Following her death, the La Reina community and all neighboring communities came together to mourn Gabriella’s death and celebrate her life.

“Today I experienced what no father should. I lost my daughter … my angel Gabriella Chabot. We are heartbroken … I love you peanut! Papi will never forget you. You will always be my angel,” father Michael Chabot posted on Facebook.

According to her father, Gabriella’s death was unexpected.

“I drove her to school that day and kissed her,” Michael Chabot said.

That day, Gabriella left school early, not feeling well. She went home, put on her pajamas and went to bed.

“She’s just like, ‘I’m going to take a nap,’ then just stopped breathing,” Michael Chabot said.

Gabriella presented flu symptoms in late January, but returned to school soon after. She went to the doctor twice and tested positive for influenza type B.

Ventura County health officials reported that there have been 35 flu-related deaths in the county this flu season.

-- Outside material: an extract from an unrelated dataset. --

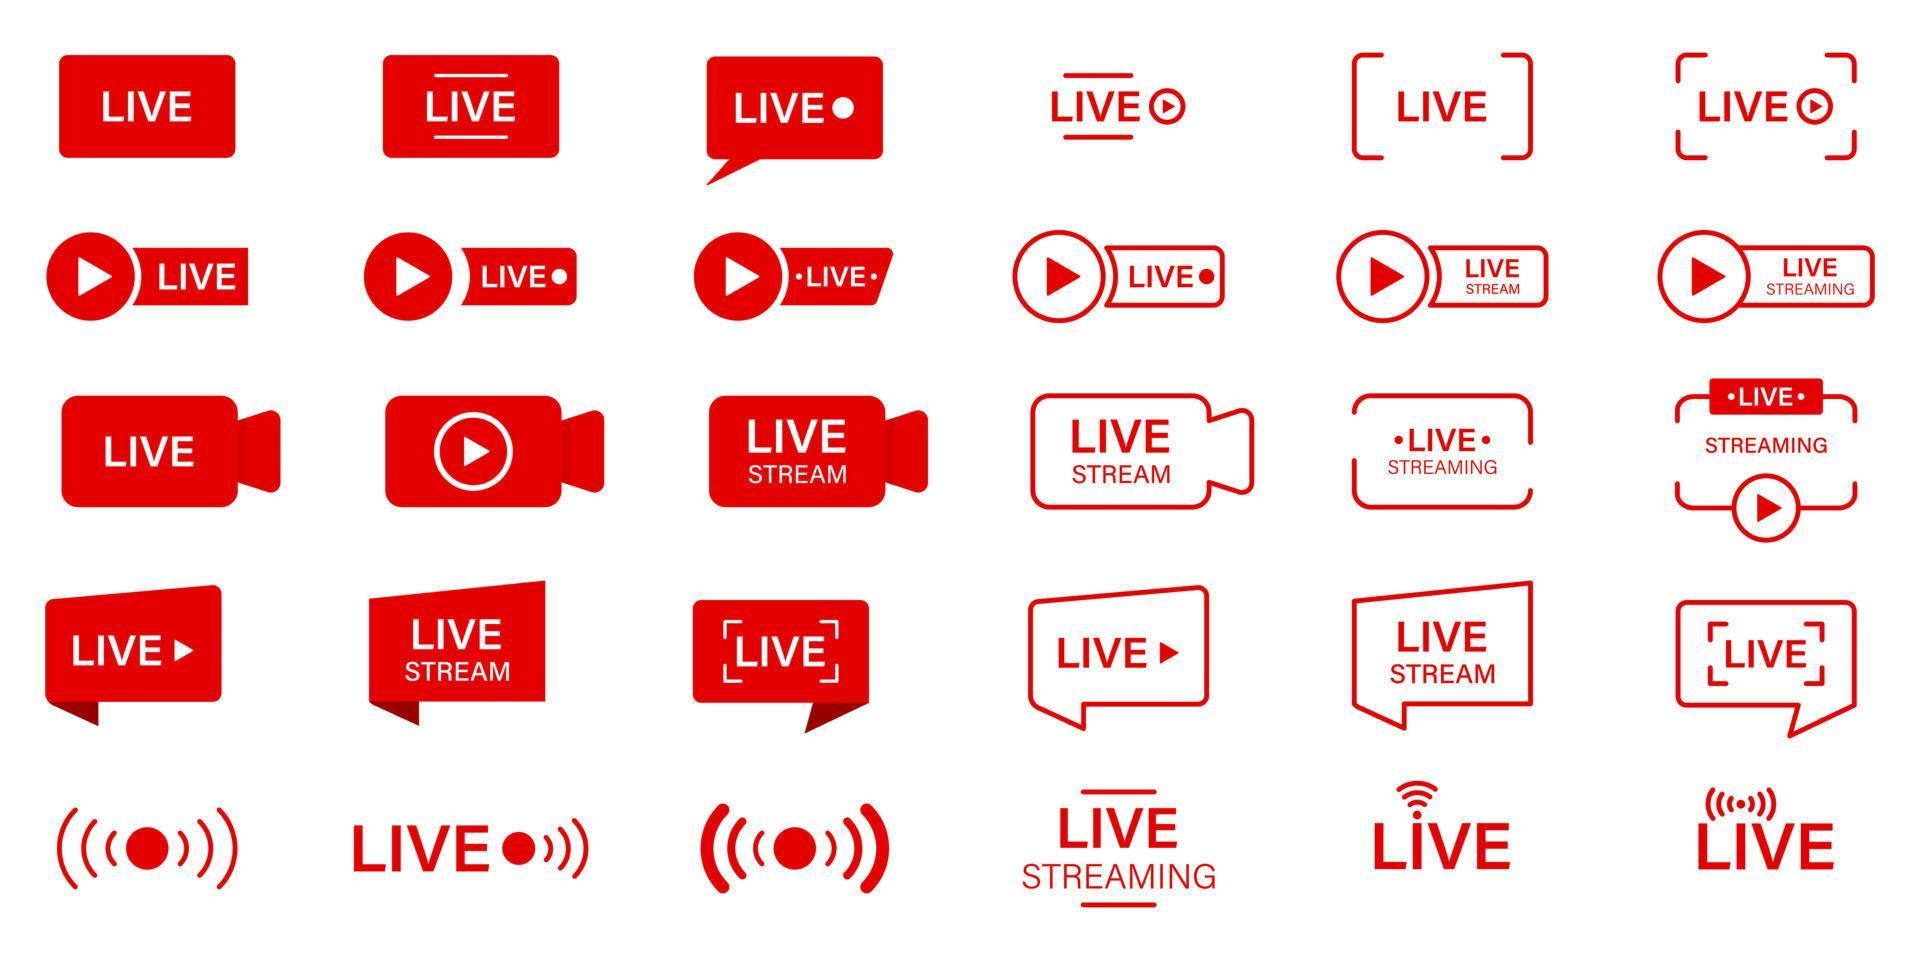 Live-Stream-Liniensymbol. Piktogramm für Online-Broadcast-Schaltflächen. rotes Symbol für Livestream. Live-Stream-Zeichensatz. Online-Nachrichten, Show, Fernsehsender. isolierte Vektorillustration. vektor

“Regardless of whether or not you believe in vaccinations or not, all the medical research has shown that it is important to get vaccinated,” Oak Park High School counselor Randy Mclelland said. “It reduces your chances of contracting illnesses significantly.”

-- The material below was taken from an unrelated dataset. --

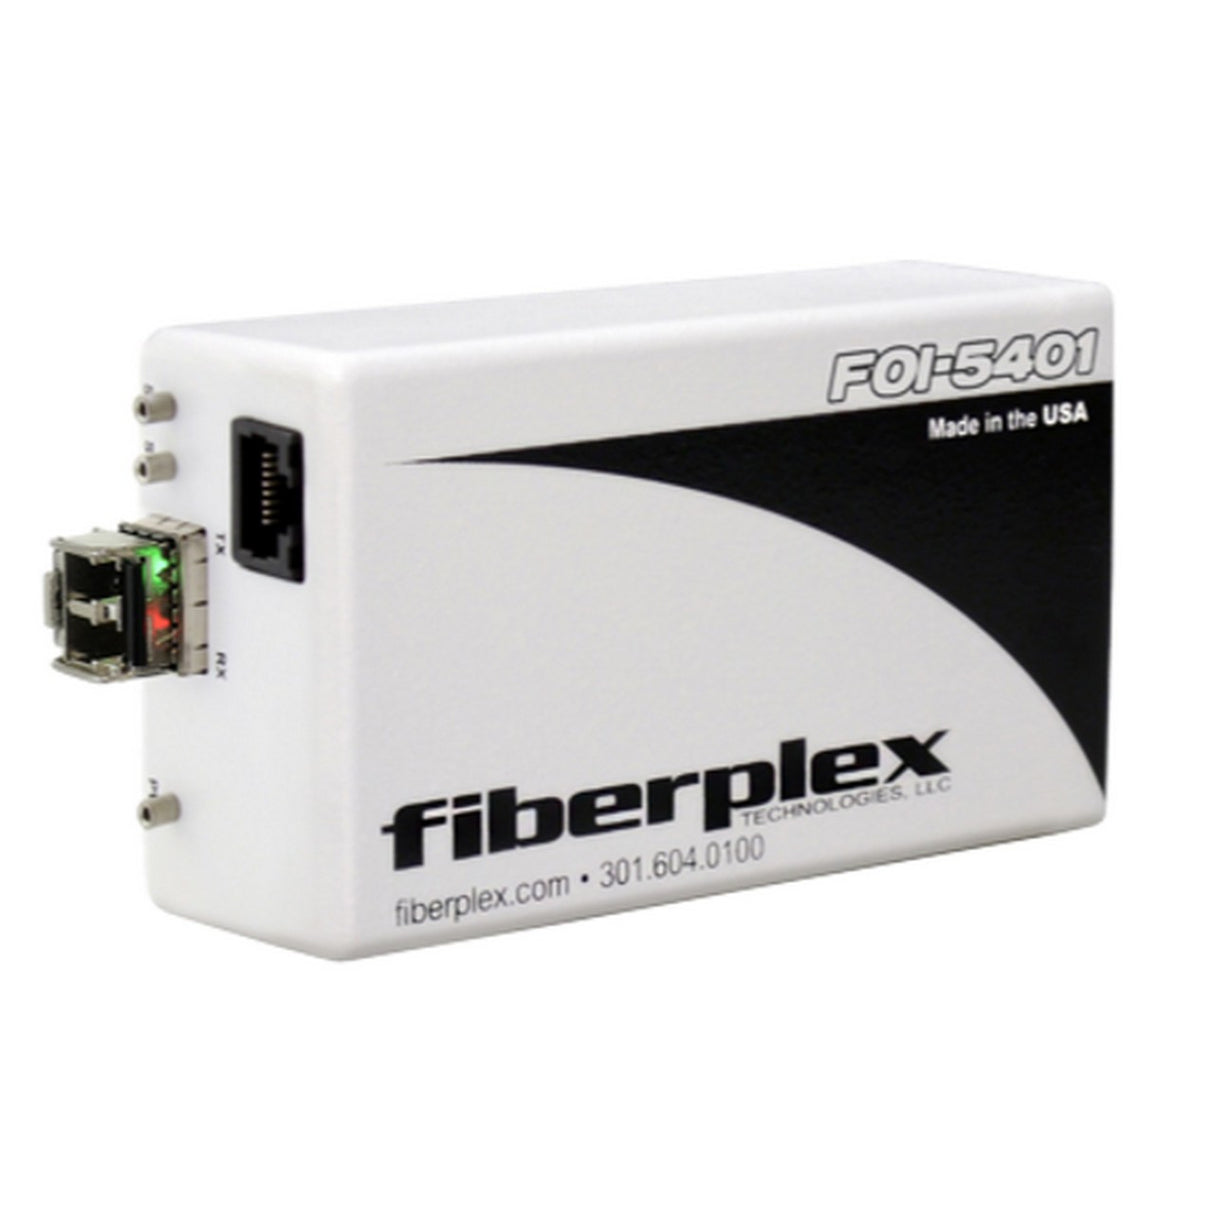 fiberplex FOI-5401-L22 | Isolator for T1 DS-1 or ISDN PRI Interface

Michael Chabot urged the community to not panic, but “listen to your kids.”

After her death, La Reina High & Middle School sent an email to parents.

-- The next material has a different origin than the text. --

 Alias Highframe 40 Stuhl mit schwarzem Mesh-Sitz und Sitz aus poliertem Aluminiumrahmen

The letter, in part, read, “The La Reina community shares in deep sorrow with the Chabot family upon the passing of their daughter, Gabriella. We stand ready to support them through this time in every way we can.”

The community was shaken by Gabriella’s sudden death.

“The day she passed, I was on a bus ride heading home from a soccer game, and my friend called me. Since I grew up with Gabby, I was absolutely shocked and I cried the whole way home, which was a one-hour bus ride. That night, all of my friends came over and we all just sat in my room and cried and talked,” childhood friend and La Reina High School junior Shaeli Young said.

Young remembers Gabriella as having a “unique sense of humor that always made me laugh.”

“I’ve known Gabby since kindergarten. She loved old music and Teen Wolf. She played tennis. She was shy if you didn’t know her but very outgoing once you did,” Young said.

Hundreds of parents, students and teachers attended a vigil that was held the next day, Friday, Feb. 9 at 6 p.m. According to Young, students and faculty came to school that morning with heavy hearts.

“School the next day, we all put flowers and notes all over her locker and the lockers around hers,” Young said. The school was very helpful and didn’t make us go to class. They brought in counselors from other schools, too.”

The following Monday, La Reina students and faculty wore purple, Gabriella’s favorite color.

“I was very proud of my community during this time,” Young said.

Other schools in the area followed suit and wore purple on Tuesday.

“We’re wearing purple for Gabriella,” Oak Park High School senior Amogha Koka said. “We’re not used to seeing people die from the flu. Hearing about her death hit very close to home.”

Gabriella’s funeral was held Tuesday, Feb. 13 at Saint Maximilian Kolbe Catholic Church in Thousand Oaks. Over 1,000 community and family members attended. La Reina cancelled school to allow students to attend.

“I just want them to remember her,” Michael Chabot said. “This is our new reality and I don’t want people to forget her.”